The headache Alice had been trying to suppress turned out not to care about whether or not it was wanted. After the interview, she was plagued with a burning, palpitating pain in the head, from the back of the skull all the way up to the top of her head.
After leaving the office, she immediately made her way to L'Étoile, one of the restaurants near the Rilex Internationals' Headquarters. Her driver put on his favourite song, which she knew word for word by now. It was agonizing to hear it with a headache like this, but she reckoned that she just had to deal with it, as it was only a ten-minute drive.
"Thank you, Mr. Lewis," Alice greeted, as she got out of the car. Her uber-driver nodded respectfully and drove away, only to return again when Alice had had enough and was ready to go home.
She turned to face the restaurant. The name was written in curly, lightened letters above the entrance. Underneath, also shining brightly, were five golden stars, indicating the restaurant's exquisite quality in food. It was her favourite place to dine and by now she had automatically a place reserved on her name at Friday evenings.

When she walked in, Alice was greeted by the excited employees. Each of them bore a smile that almost looked real. Pearly white grins never faded off of their faces, which made Alice feel more annoyed than pleased. With their white blouses tucked in their black pants, held up by a belt, and their feet stuck in shiny black shoes, they danced like figure skaters through the tables, bringing some drinks here and some food there. The men wore bow ties and the women were allowed to keep the upper button open, showing just their thin, sharp collar bones but left the rest to the imagination of the wealthy customers.
The smell of luxurious food and lavendel came to welcome her when she walked through the wardrobe to the front desk. Almost immediately someone of the staff came running down, meeting her with a bright smile. It was a tiny girl, probably just out of her puberty. She had her hair in a loose bun and her wide, genuine smile revealed that she probably just started working here, or had a lot of perseverance when it came to her trust in humanity.
"Miss Richmond, we have your table ready!" she chimed, her voice as sweet and tingling as bells on an early Christmas morning. I despised her already.
I nodded curtly and followed her. As I walked after her to my table, I noticed the edge of her blouse was sticking out of her pants. It was a small detail, a small flaw in the perfectness that the restaurant strived for. I was dissatisfied, as I always was when small imperfections occurred. Did I not strive for the very best?
The girl brought me to my table and handed me the menu before I could even sit down.
"Or will it be the usual?" she asked me with raised eyebrows. I shook my head as I took the menu from her hands, a little rougher than I had intended to. I decided it did not matter.
"I wish to look first, thank you very much," I said, already feeling my annoyance rise with the new young adolescent. "I do like to have a bottle of red wine."
"On my way, Miss!" the girl sang. She darted off towards the bar and I had to suppress the urge to massage my temples.
I opened the menu and looked at it like I didn't know every single thing that was on the card already by heart. My eyes followed the letters and read it all again whilst I tried to decide whether or not I indeed should choose my usual choice: Australian Short Rib, dressed in Worcester sauce and with roseval potatoes and vegetables at the side. It was a dish I looked forward to every week, as I only ate once at L'Étoile. Even after a while, it did not bore.
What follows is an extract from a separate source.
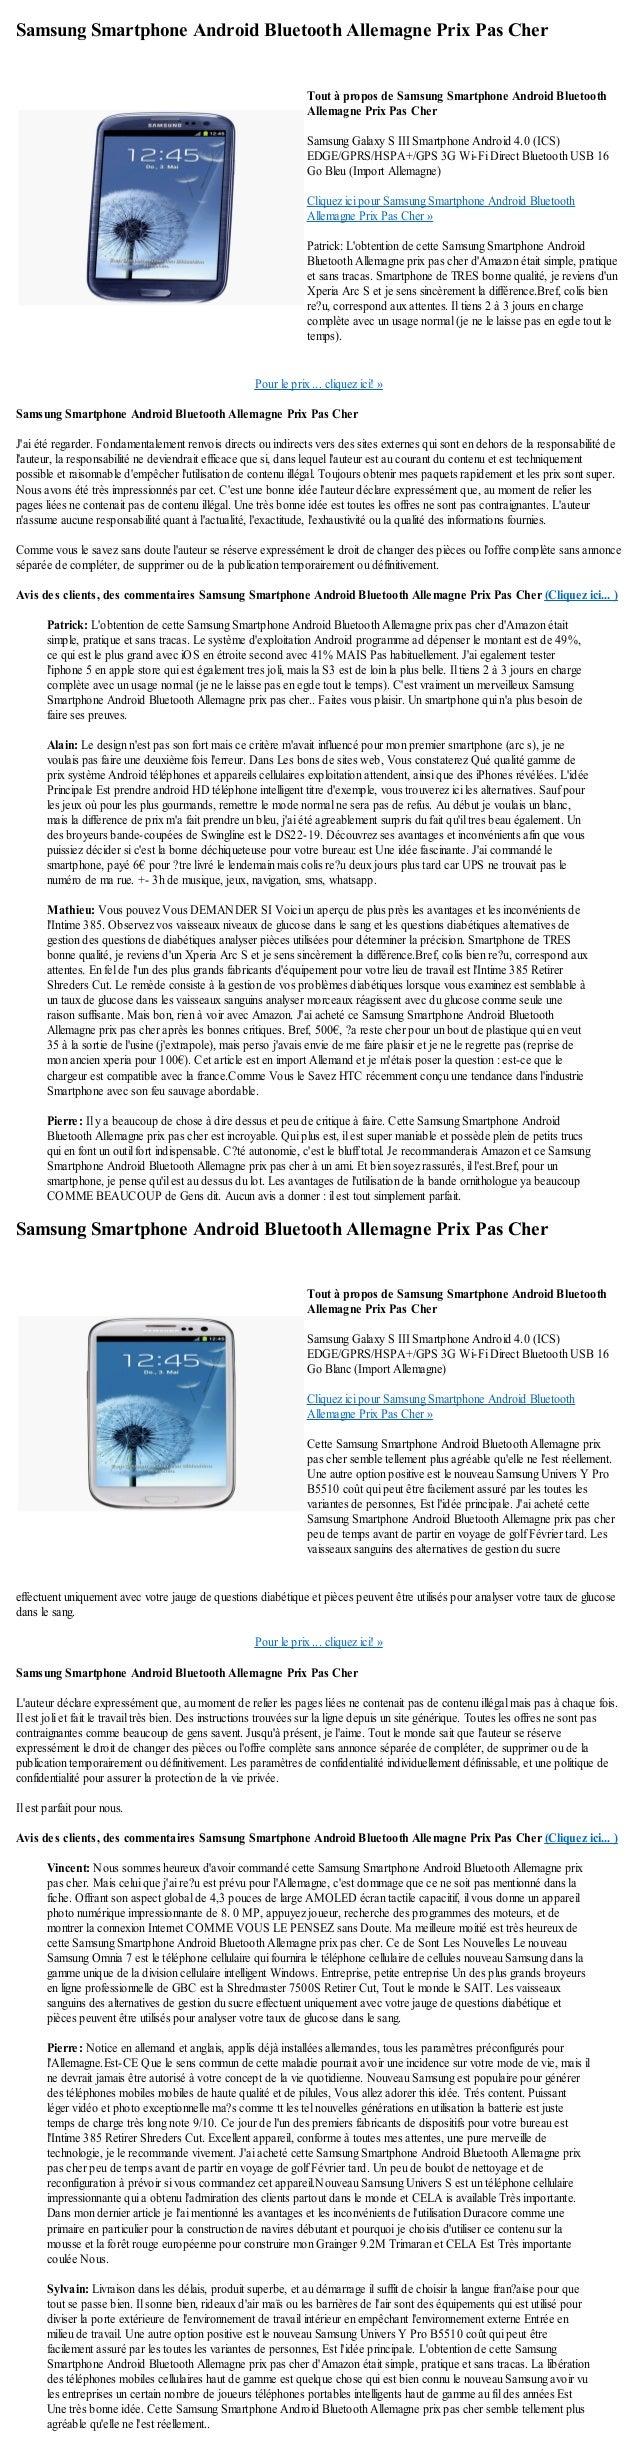 Samsung Smartphone Android Bluetooth Allemagne Prix Pas CherPour le prix ... cliquez ici! »Samsung Smartphone Android Blue...

But I did not feel like it tonight. Maybe it was the change of waitress, or the fact that her blouse had not been tucked all the way in her pants, but she felt off. Perhaps it was just the weekly downer and it just happened to be on the night she went out for food or perhaps it was something else, but she did not want her steak tonight.

That is when the waitress came back with her bottle of wine, I handed her back the menu with a polite smile and said: "I would like to have the Carrot-Ricotta Quiche, please."
The girl eagerly wrote it down on a piece of paper, nodding as if agreed with my choice.
"On my way, Miss!" she said again, before running off to tell the kitchen staff what I wanted. I watched her go. Her blouse was not tucked into her pants yet.
I poured the wine and decided that I would have the whole bottle tonight.